We next determined if interactions between the enhancers and promoters had changed. Capture-C, a sensitive assay to detect physical interactions between selected regions of chromatin, was performed.¹⁴  When capturing from the intact α-globin promoters, present only on 1 allele in cis with the R2 deletion, no interactions with R2 were detected. This clearly shows that the single copy of R2 in trans on the --^SEA allele was not interacting with the α-globin genes on the other allele and therefore not driving α-globin expression. Surprisingly, when compared with 3 normal controls, interactions between the α-globin promoters and the intact R1, R3, and R4 enhancers on the (αα)^ALT allele were also reduced rather than enhanced as might be expected if they were compensating for the loss of R2 (Figure 1C).

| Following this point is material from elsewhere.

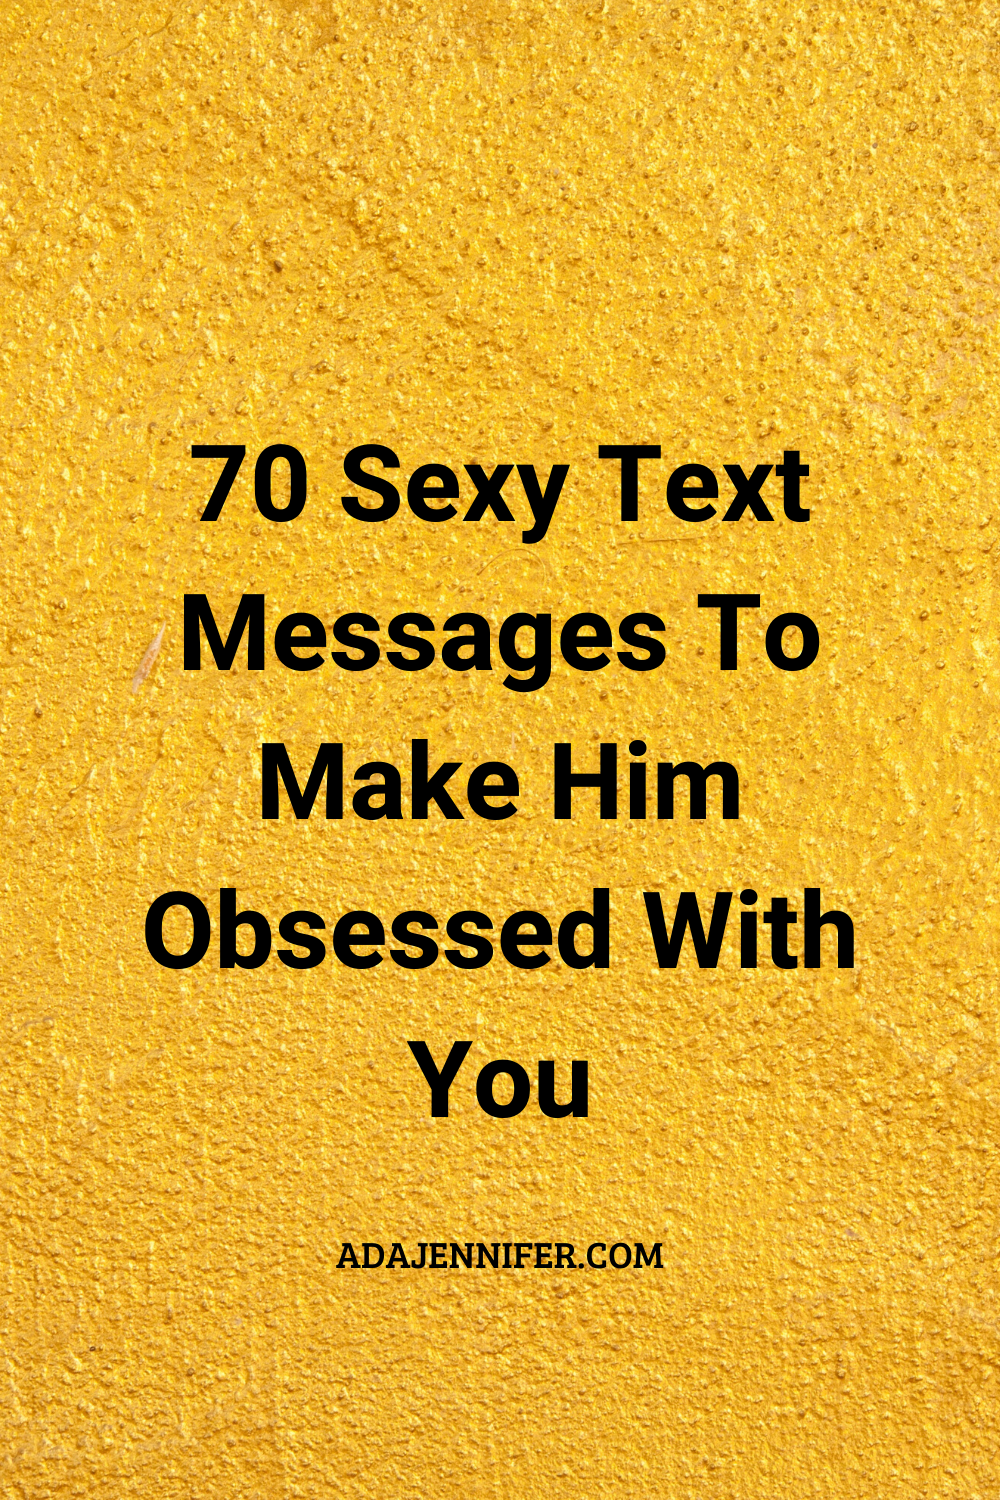 70 Sexy Messages To Make Him Obsessed With You 2021

Why was the phenotype not as severe as expected? The patient appears to have a well-compensated hemolytic anemia with no evidence of significant ineffective erythropoiesis. The α/β-globin mRNA ratio was lower than reported from most patients with HbH disease.¹  ζ-globin was not significantly activated to compensate for the loss of α-globin (supplemental Figure 2A-C). One ameliorating factor may have been the co-inheritance of the β^E mutation that acts as a mild form of β-thalassemia, thereby reducing globin imbalance. In the absence of evidence for compensation via the remaining enhancers, an only mildly raised RBC (5.85 × 10¹² cells per liter) and a normal erythropoietin level (14 IU/L) at diagnosis, it seems most likely that the relatively mild clinical phenotype occurs because of selection of red cells with the least globin chain imbalance. Interestingly the α/β-globin mRNA ratio in the patient was more balanced in peripheral blood than in CD34⁺ culture-derived erythroid precursors (supplemental Figure 1B). Because there will be a normal distribution of the α/β globin ratios around the mean in any population of erythroid precursors, this selective process at the cellular level may play an important role in this remarkable clinical phenotype. Another contributing factor may be that the patient’s genotype is similar to that seen in individuals with AE Bart disease, in which a severe reduction in α-globin synthesis occurs in combination with the β^E mutation. Although the patient has more severe thalassemia than previously described in these cases owing to her unique genotype, individuals with α-thalassemia who co-inherit β-thalassemia may have a milder phenotype than otherwise expected.¹² 

In summary, these findings support the conclusion that the enhancer elements in the human α-globin locus contribute ∼10% (R1), 90% (R2), <2% to 3% (R3), and <2% to 3% (R4) to transcription compared with 40% (R1), 50% (R2), <2% to 3% (R3), and 10% (R4) in mouse.¹⁰  They also show that, although at some loci, compensation in gene expression may be mediated by enhancer redundancy, other pathophysiological mechanisms may compensate in whole organ/cell systems. Finally, these results show that when evaluating the effects of enhancers on gene expression, it is important to consider other influences on the ultimate cellular and organismal phenotype.